Minister of State for Energy
- In office 28 June 2007 – 5 October 2008
- Prime Minister: Gordon Brown
- Preceded by: The Lord Truscott
- Succeeded by: Mike O'Brien
- In office 11 May 2005 – 10 November 2006
- Prime Minister: Tony Blair
- Preceded by: Mike O'Brien
- Succeeded by: The Lord Truscott

Minister of State for Science and Innovation
- In office 10 November 2006 – 28 June 2007
- Prime Minister: Tony Blair
- Preceded by: The Lord Sainsbury of Turville
- Succeeded by: Ian Pearson

Minister of State for Pensions
- In office 13 June 2003 – 6 May 2005
- Prime Minister: Tony Blair
- Preceded by: Ian McCartney
- Succeeded by: Stephen Timms

Member of Parliament for Croydon North Croydon North West (1992–1997)
- In office 9 April 1992 – 29 September 2012
- Preceded by: Humfrey Malins
- Succeeded by: Steve Reed

Personal details
- Born: 1 July 1947 Hatfield, Hertfordshire, England
- Died: 29 September 2012 (aged 65) London, England
- Party: Labour
- Spouse: Margaret Wicks
- Alma mater: University of North London, London School of Economics
- Profession: Academic

= Malcolm Wicks =

British politician and academic (1947–2012)

Malcolm Hunt Wicks (1 July 1947 – 29 September 2012) was a British Labour Party politician and academic specialising in social policy.

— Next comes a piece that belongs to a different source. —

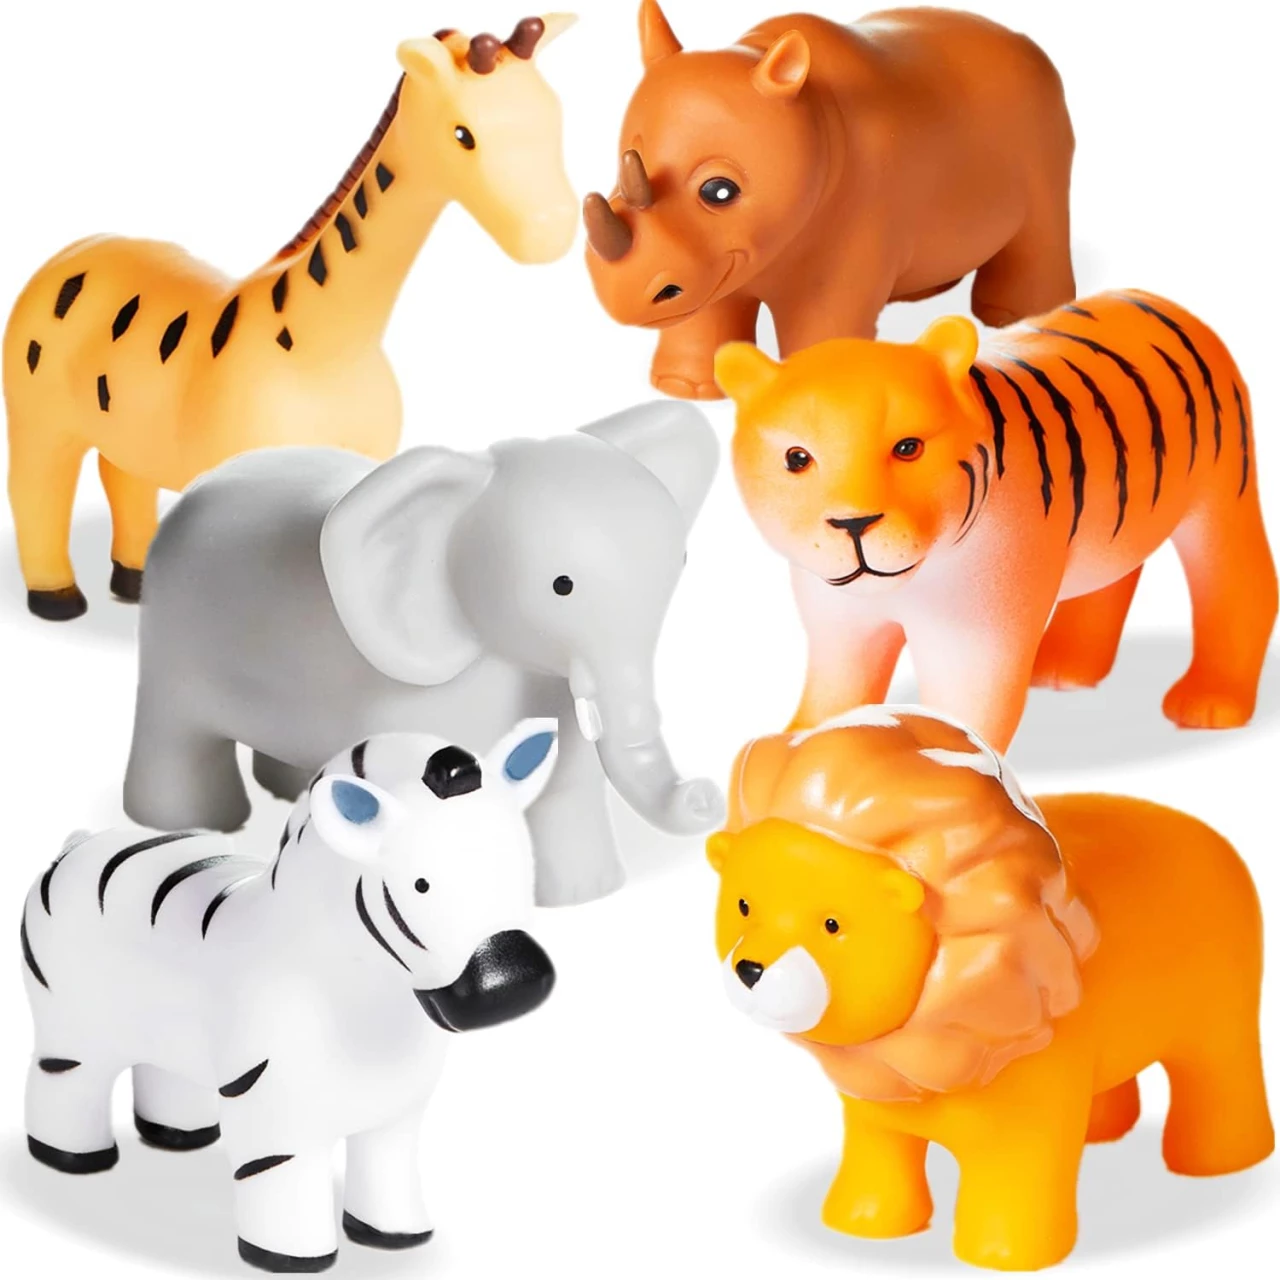 Mold Free Animal Baby Bath Toys for Toddlers/ Infants 6 - 12- 18 Months, No Hole No Mold Bathtub Toys, 1 2 3 4 Years Old Kids (6 Pcs with Storage Bag)

He was a member of parliament (MP) from 1992, first for Croydon North West and then for Croydon North, until his death in 2012.

==Early life and education==
Wicks was born in Hatfield, Hertfordshire, to Arthur Wicks, a Labour member of the London County Council and later Greater London Council. He was educated at the independent Elizabeth College, Guernsey; North West London Polytechnic and the London School of Economics gaining a BSc in Sociology.

==Early career==
From 1968 to 1970, he was a research fellow of the Department of Social Administration at the University of York, then a research worker at the Centre for Environmental Studies from 1970 to 1972. Wicks worked in the Urban Deprivation Unit (abolished in 1978) of the Home Office as a social policy analyst from 1974 to 1977, and was a lecturer in Social Administration at Brunel University from 1970 to 1974. From 1977 to 1978, he was a lecturer in Social Policy at the Civil Service College (now called the National School of Government) in Ascot, then research director and secretary of the Study Commission on the Family from 1978 to 1983. He was later Director of the Family Policy Studies Centre from 1983 to 1992. He was the author and co-author of many publications, including Old and Cold: hypothermia and social policy and A Future for All: Do we need the Welfare State? His keen concern about fuel poverty led to him to act as a Trustee of the National Energy Foundation (1988–94).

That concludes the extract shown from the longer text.